Cela faisait 6 mois que je ne l’avais pas vu et que je pensais à lui de temps en temps et tout s’est passé comme je l’avais espéré.
Il était là, comme dans ma tête et au troisième regard échangé il m’a reconnu et m’a sourie. Un peu plus tard en passant à côté de lui j’ai passé ma main dans ses cheveux sans m’arrêter (la drague est un jeu où l’on teste sa chance avant de miser). Je savais qu’il se passerait quelque chose entre nous si je m’arrêtais à côté de lui, quelque chose qui ne me mènerait nulle part, mais qui me faisait envi et auquel ma raison ne savait comment résister ; quelque chose dont je ne saurais, ni que faire, ni dans quel poche de ma vie la ranger ?
Alors je suis revenu sur mes pas, simplement parce qu’il m’attendait, parce que je savais qu’il attendait qu’une force me pousse à le faire et que… (enfin, non), parce que je devinais que si je ne le faisais pas, si je n’allais pas vers lui, je me le reprocherais trop longtemps et que ce regret, ce remord, empoisonnerait mes pensées.
La tentation de la vie est la plus forte. Nous avons passé deux peut être trois heures ensemble ; dans ces moments là, la dimension temps disparait et tant de choses aussi.
Avec lui j’ai retrouvé le plaisir de serrer un corps contre le mien, le goût du baisé, l’odeur d’une peau de garçon et la douceur de cette peau sous mes doigts. Le plaisir de lécher délicatement un visage, de chercher avec le bout de ma langue sa pomme d’Aden et de la sucer avec délectation.
Nous avons fini dans une cabine (avec porte), parce qu’il voulait que je le prenne.
Une fois que cela eût été fait il m’a dit avec cette franchise naïve et sans détour qui fait beaucoup de son charme :
 « tu vois on y est arrivé ! »

La boucle était bouclée, et moi, je ressentais une sorte de lassitude mêlée de déprime.
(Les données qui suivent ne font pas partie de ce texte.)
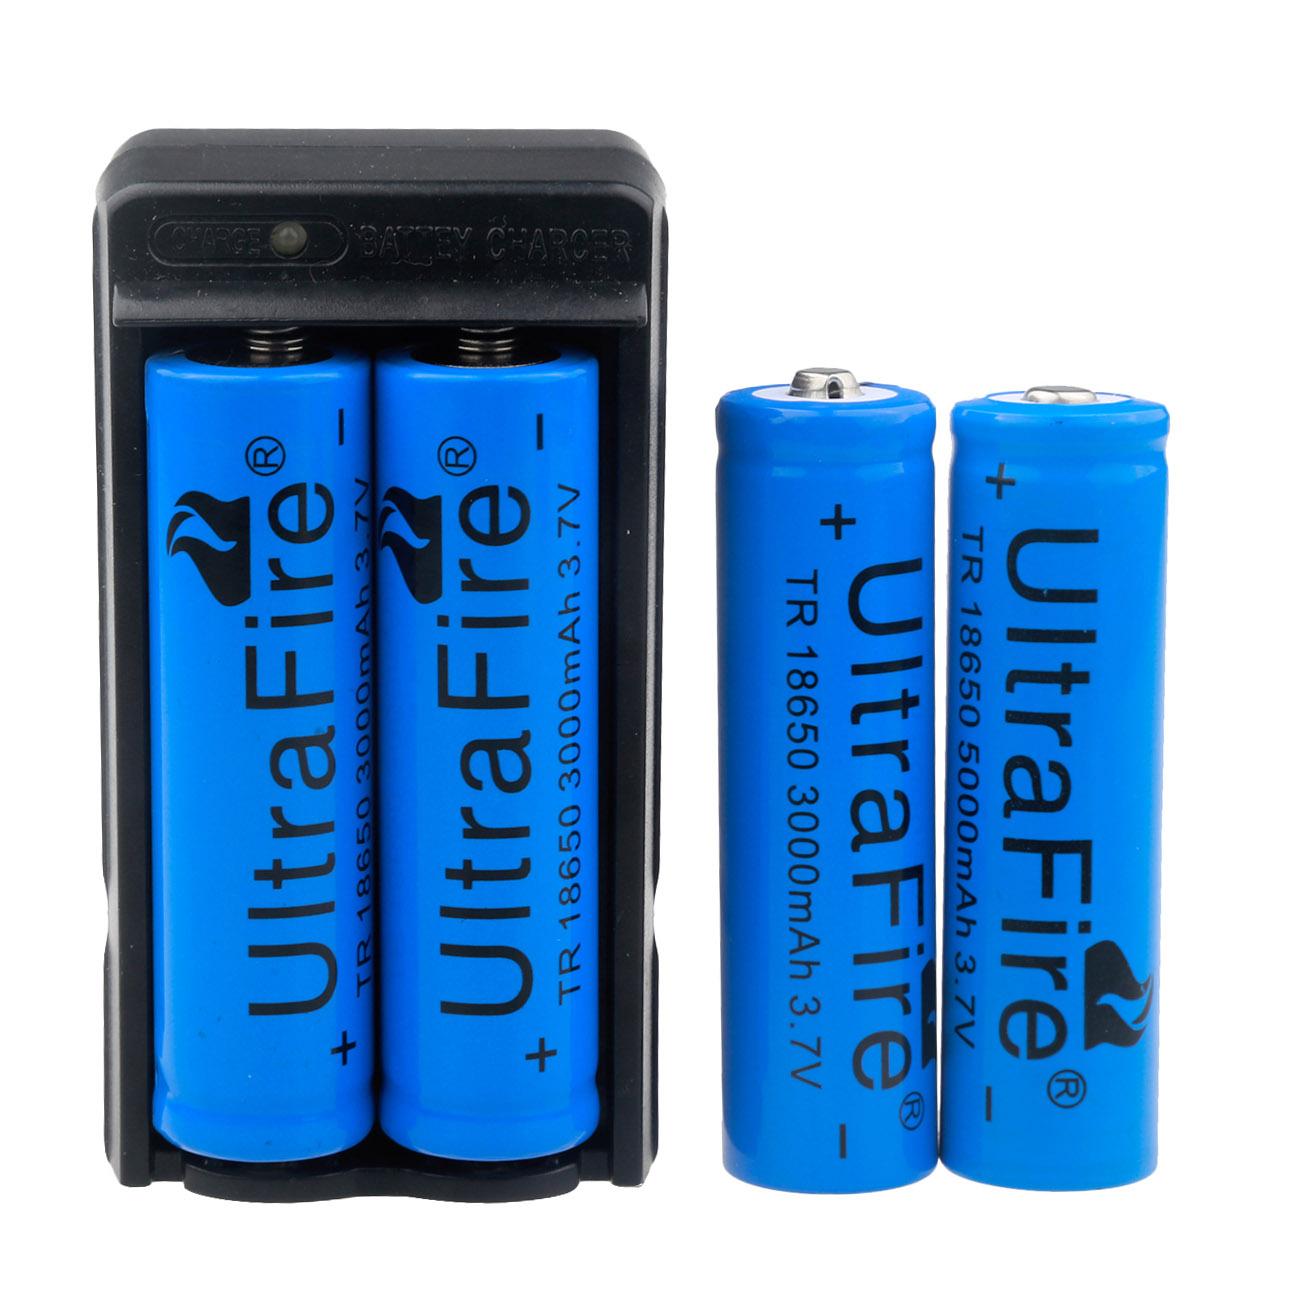 ultrafire 3 7v 2400mah 18650 battery w charger ebay. Black Bedroom Furniture Sets. Home Design Ideas

C’était fait c’était fini et une pluie de questions et de doutes s’abattait sur moi.
Il avait joui, quelques gouttes seulement : "parce que je me suis fais prendre avant que tu arrives et avec l’un deux je me suis masturbé… ", a-t-il tenu a me préciser, avec cette honnêteté, cette candeur d’un gamin trop spontané que je redécouvrais après six mois.
Cette nuit là, le Tilt me faisait mentir, cette nuit là il y avait plein de garçons qui me faisaient envie ! Une constatation qui tranchait avec les nuits précédentes où je m’étais tant ennuyé !

Héry me disait qu’il m’inviterait chez lui un autre soir et qu’il viendrait chez moi si je l’y invitais, qu’il était content de m’avoir retrouvé, que les autres ne pensaient qu’a le limer mais qu’il y prenait aussi du plaisir et qu’il ne fallait pas que l’on oubli d’échanger nos numéros de portables.

Bref, Héry m’a dit tout et son contraire, comme un jeune gay parisien égal à lui même, déroutant.
 Et pourtant, c’est tellement bon de l’avoir serré dans mes bras, d’avoir caressé son corps sans que la lassitude ne pointe son nez. C’est bon comme une douche sur un corps fatigué, battu par la vie. Bon comme le goût du sel sur la peau en été. Ses baisés avaient réveillé le plaisir de la vie et puis il y avait sa main qui venait se glisser dans la mienne malgré sa méfiance et que je serrais doucement, tout doucement, comme la patte d'un petit animal sauvage : pour effacer sa crainte, faire naître dans son regard cet instant de confiance et d’intimité qui lui manquait.
Une main dans ma main. C’est si peu et tellement à la fois.